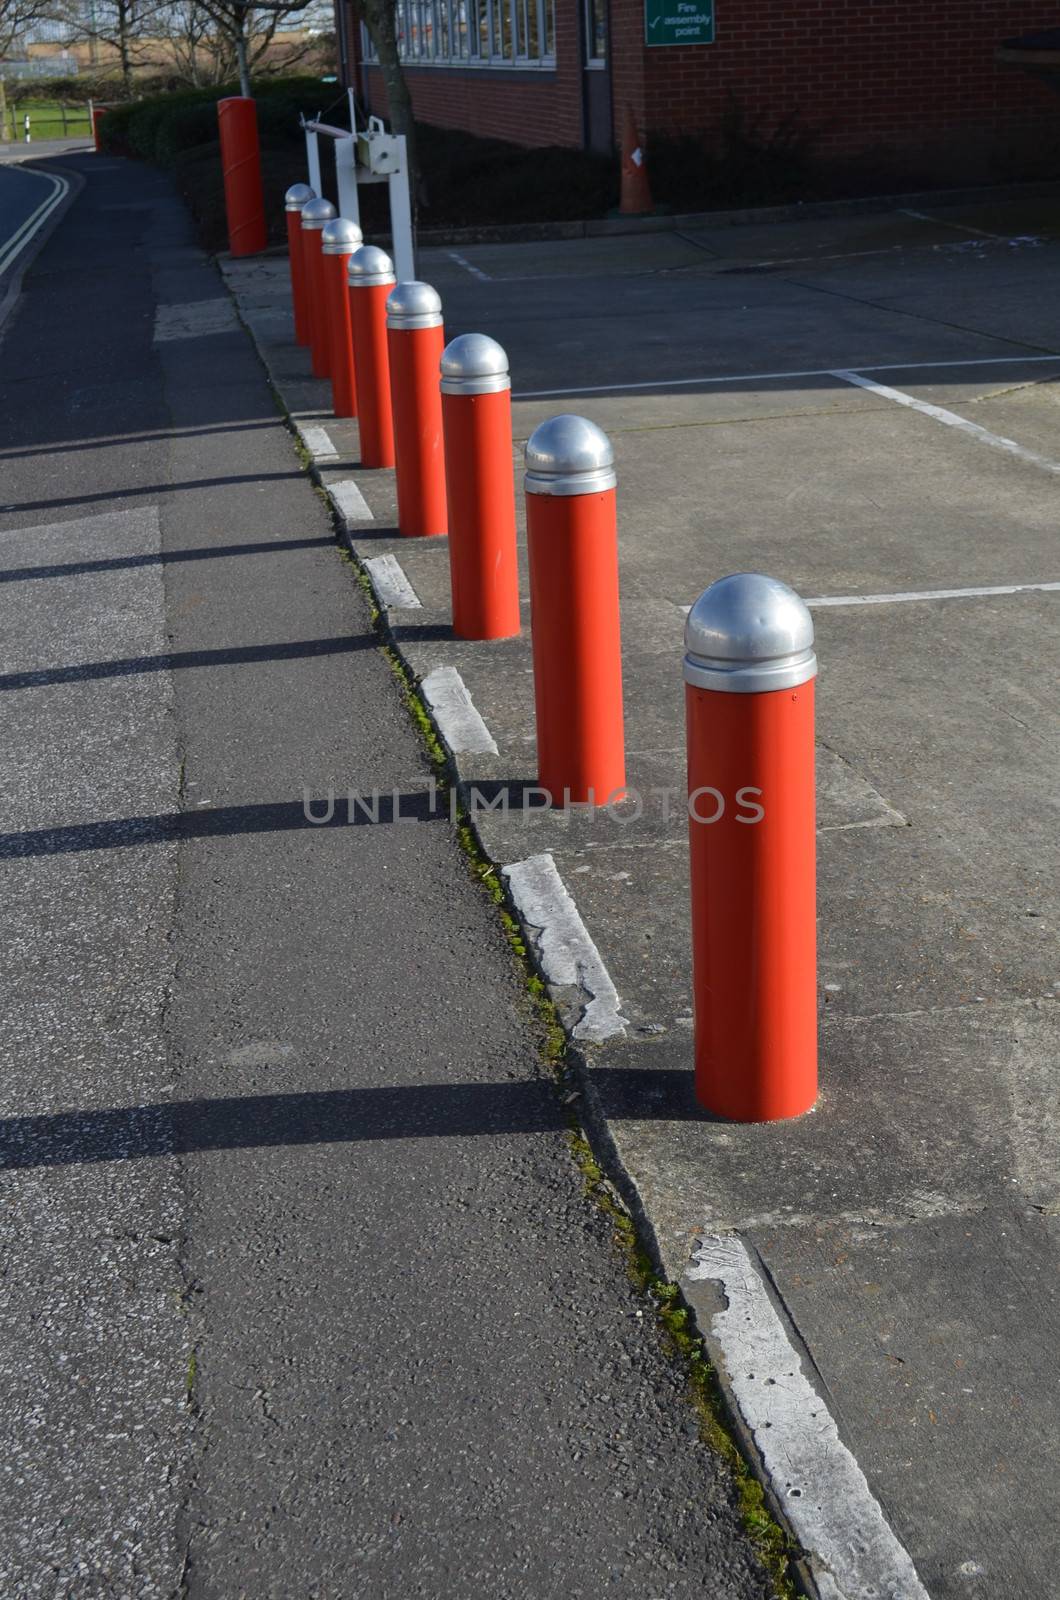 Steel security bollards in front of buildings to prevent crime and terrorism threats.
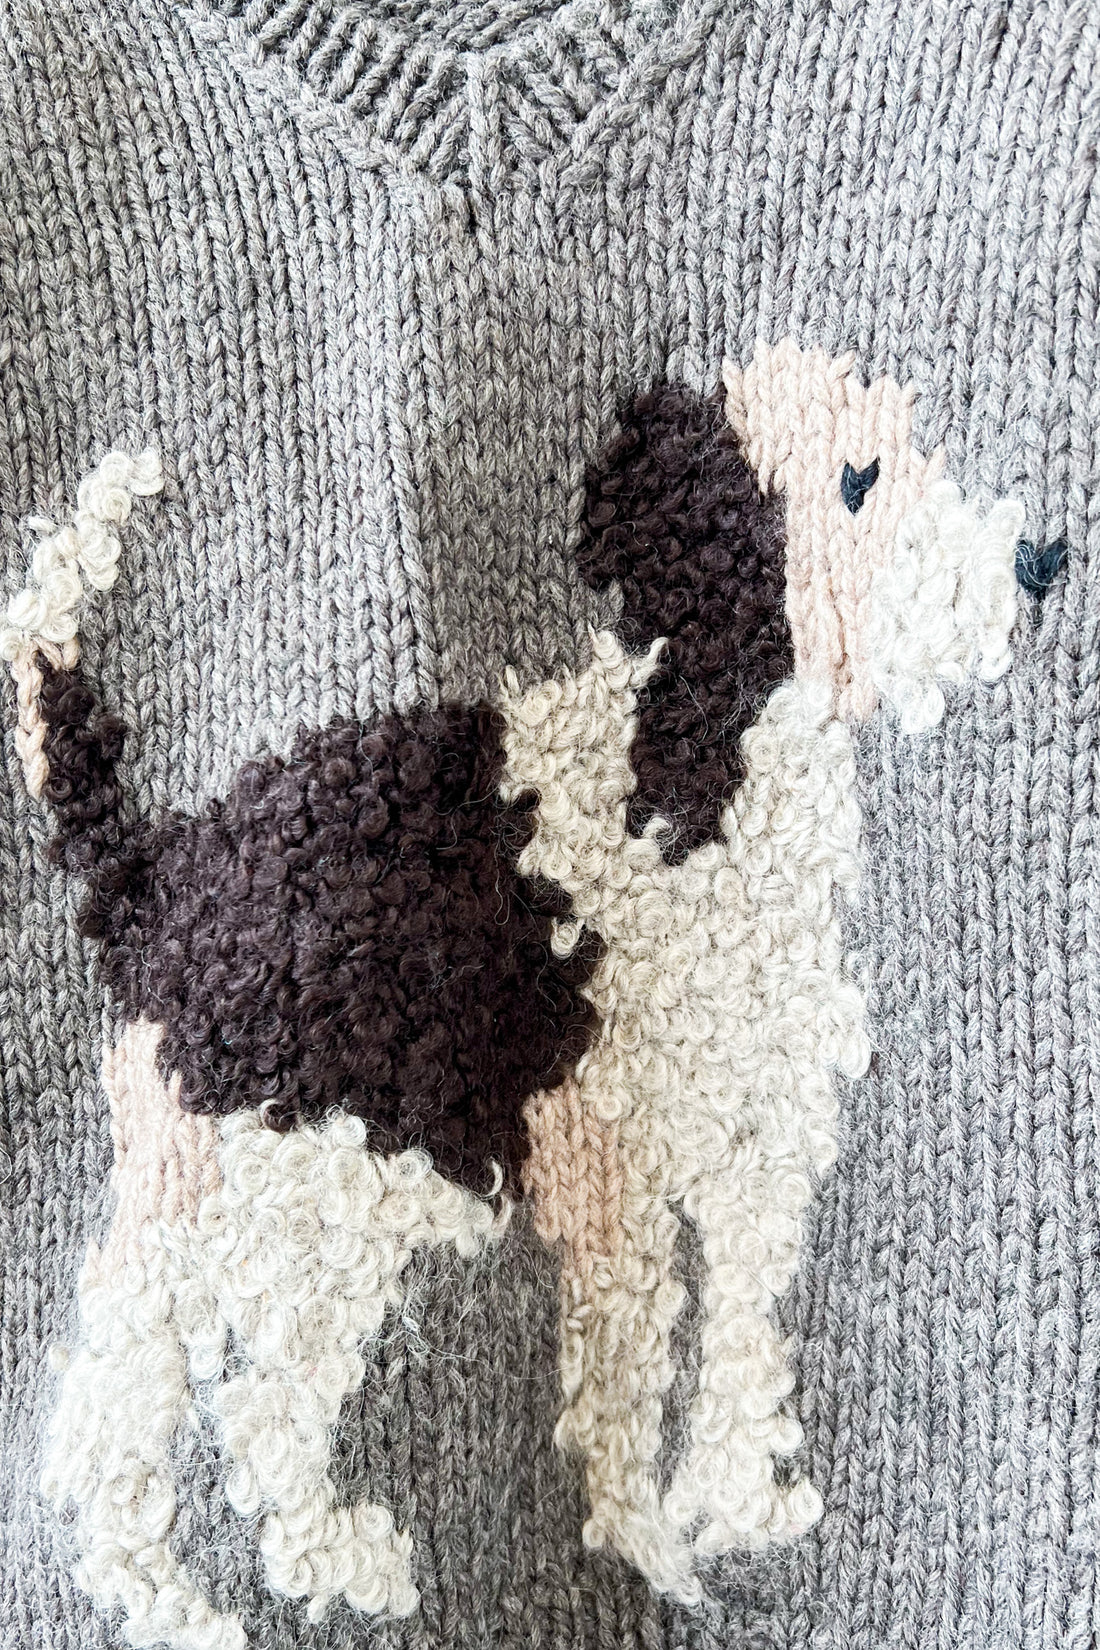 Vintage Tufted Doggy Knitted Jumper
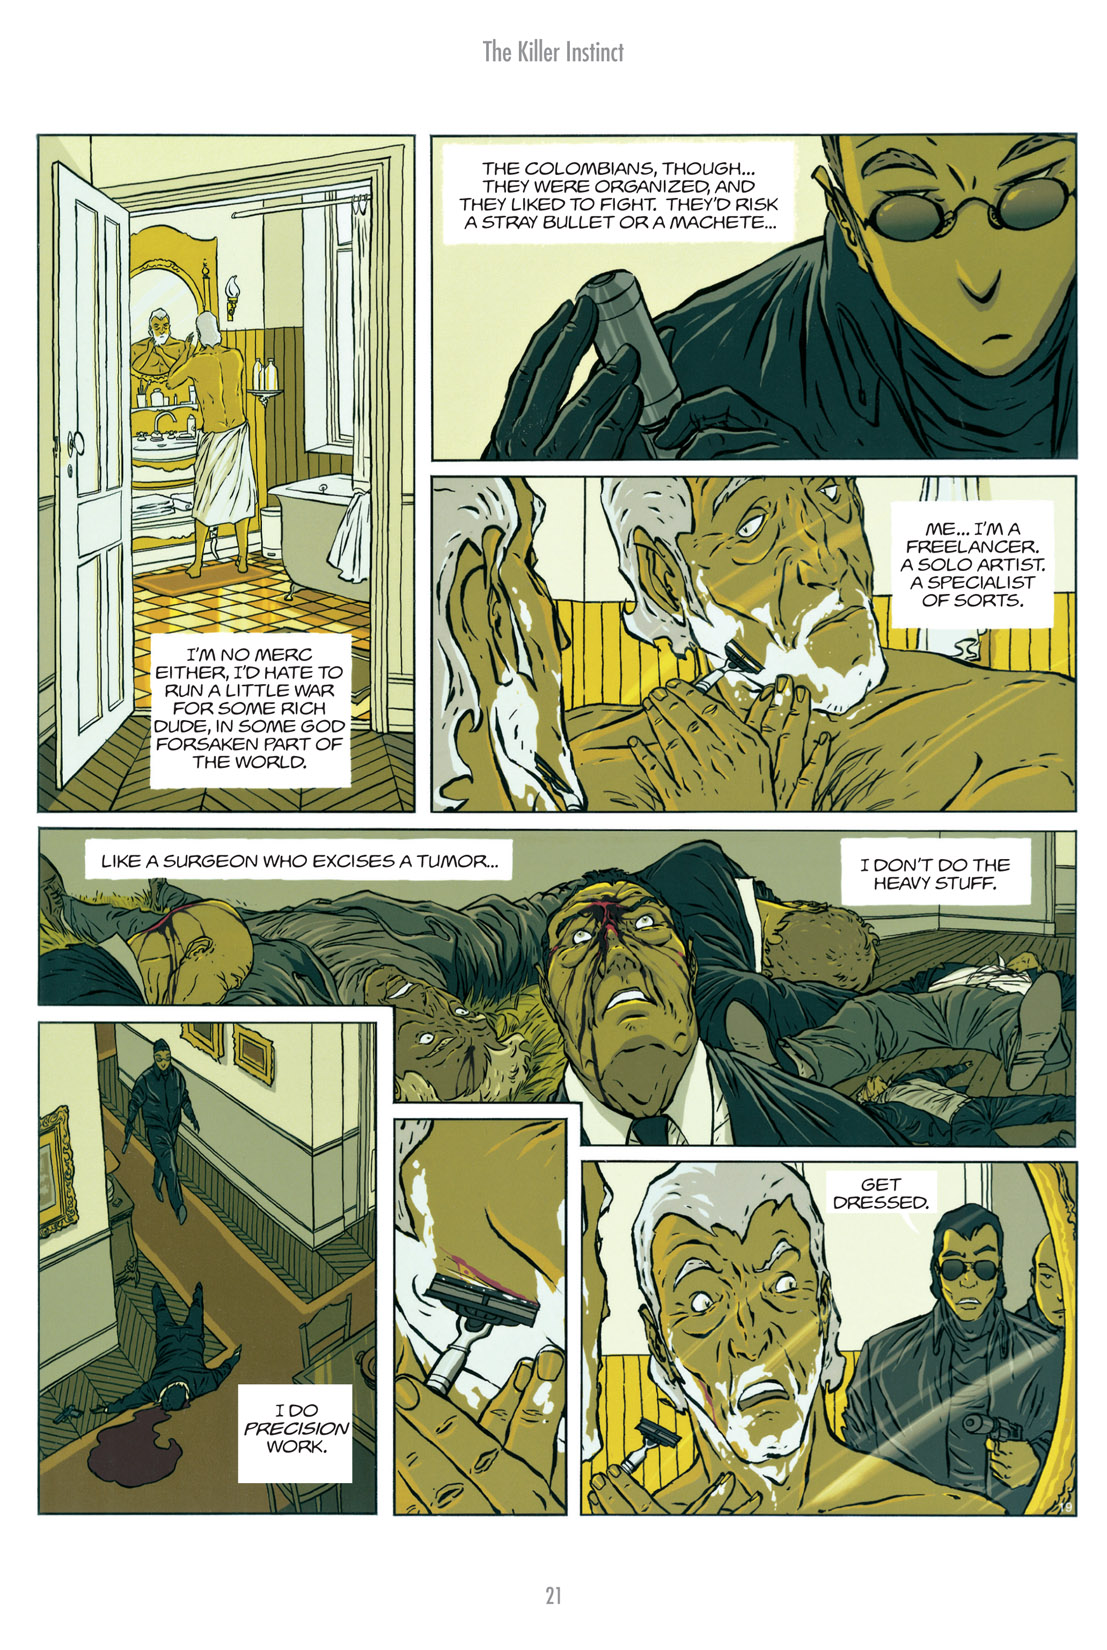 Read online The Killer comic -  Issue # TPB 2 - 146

Problem details.
If you see a picture in the listing, skip it while copying everything else exactly.

Your response.
 Steel security bollards in front of buildings to prevent crime and terrorism threats.
 Vintage Tufted Doggy Knitted Jumper
 Read online The Killer comic -  Issue # TPB 2 - 146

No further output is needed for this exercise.